Mask-R-CNN-MindSpore

A Mindspore version of Mask R-CNN, trained on GPU. MindSpore is an artifitial-intelligence software kit developed by Huawei. The backbones include Resnet50 and Mobilenetv1

Mask R-CNN

Mask R-CNN extends Faster R-CNN by adding a branch for predicting segmentation masks on each Region of Interest (RoI), in parallel with the existing branch for classification and bounding box regression. The mask branch is a small FCN applied to each RoI, predicting a segmentation mask in a pixel-topixel manner. Mask R-CNN is simple to implement and train given the Faster R-CNN framework, which facilitates a wide range of flexible architecture designs. Additionally, the mask branch only adds a small computational overhead, enabling a fast system and rapid experimentation.

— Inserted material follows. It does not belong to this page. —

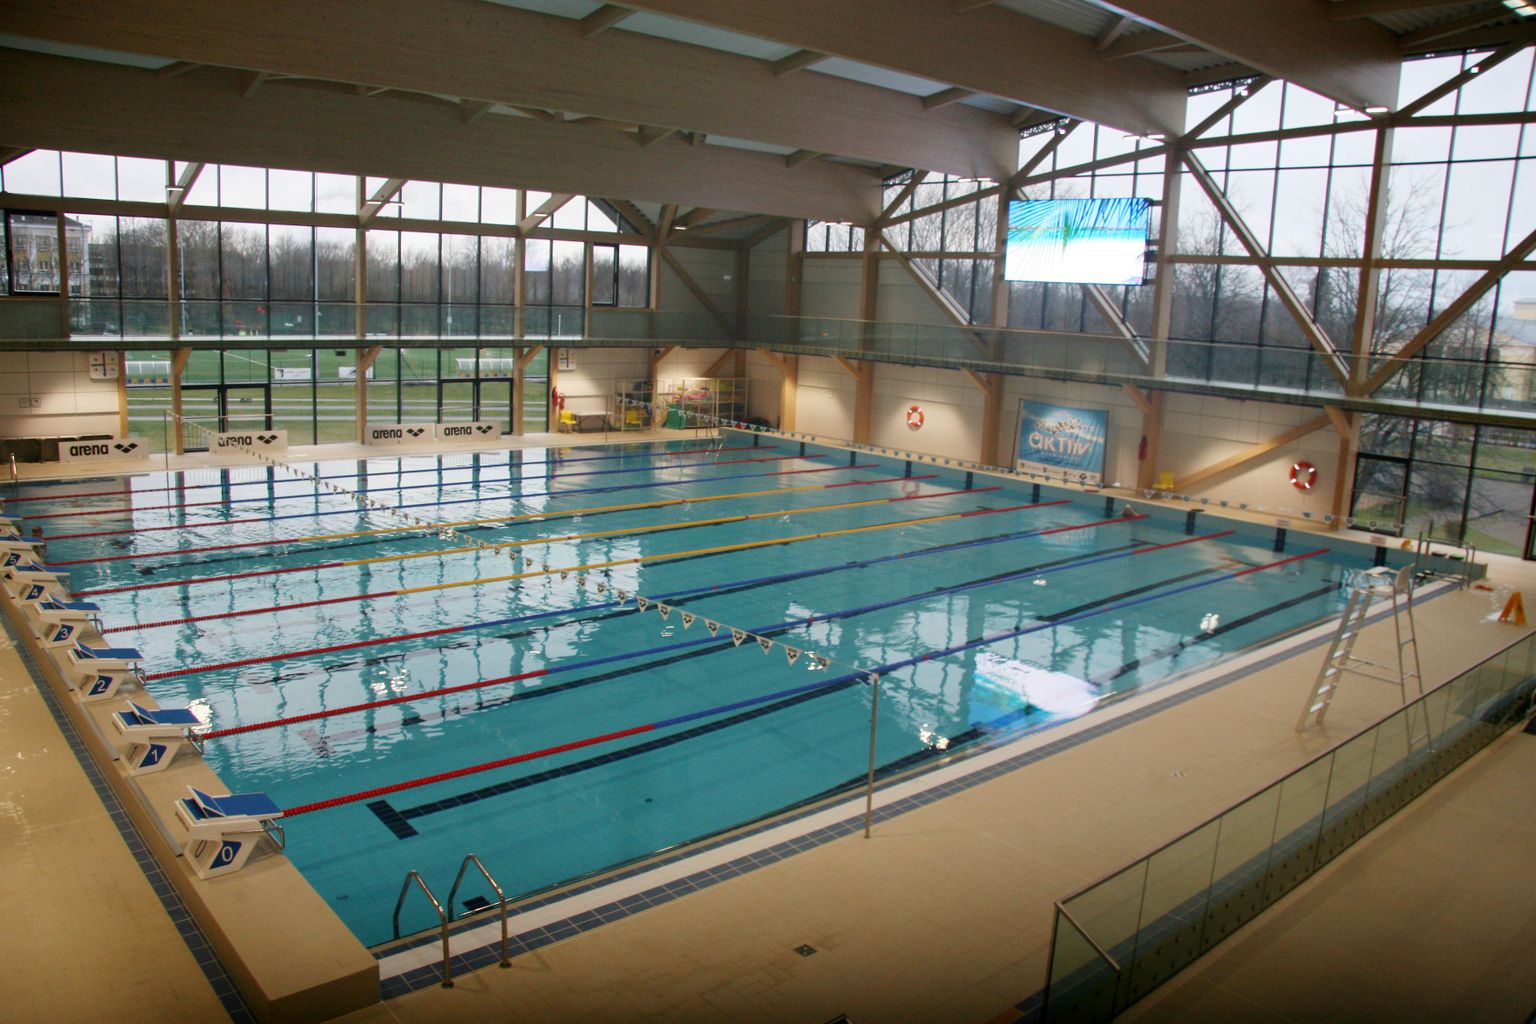 Спортивный центр "Wiru" с бассейном - одно из самых внушительных зданий Кохтла-Ярве, построенных в этом столетии. Однако город в затруднении также с погашением займов, взятых для этой цели, а на содержание центра нужны дополнительные расходы.

Without bells and whistles, Mask R-CNN surpasses all previous state-of-the-art single-model results on the COCO instance segmentation task, including the heavilyengineered entries from the 2016 competition winner in 2018.

Model Features

Mask R-CNN adds a branch of Mask prediction on the basis of Faster R-CNN
Mask R-CNN proposes ROI ALign.

Pretrained Model

model	training dataset	bbox	segm	ckpt
maskrcnn_coco2017_bbox37.4_segm32.9	coco2017	0.374	0.329	checkpoint/maskrcnn_coco2017_acc32.9.ckpt
maskrcnnmobilenetv1_coco2017_bbox22.2_segm15.8	coco2017	0.222	0.158	checkpoint/maskrcnnmobilenetv1_coco2017_bbox24.00_segm21.5.ckpt

Please download the checkpoints here. And you should save it in the checkpoint folder.

Training Parameter Description

Here, we list some important parametes for training. Moreover, you can check the configuration files for details.

Parameter	Default	Description
workers	1	Number of parallel workers
device_target	GPU	Device type
learning_rate	0.002	learning rate
weight_decay	1e-4	Control weight decay speed
total_epoch	13	Number of epoch
batch_size	2	Batch size
dataset	coco	Dataset name
pre_trained	./checkpoint	The path of pretrained model
checkpoint_path	./ckpt_0	The path to save

Example

Here, how to use Mask R-CNN and Mask R-CNN MobileNetV1 will be introduced as follow. Taking Mask R-CNN for example, Mask R-CNN MobileNetV1 follows the same procedure.

Dataset

At first, you should download coco2017 dataset by yourself.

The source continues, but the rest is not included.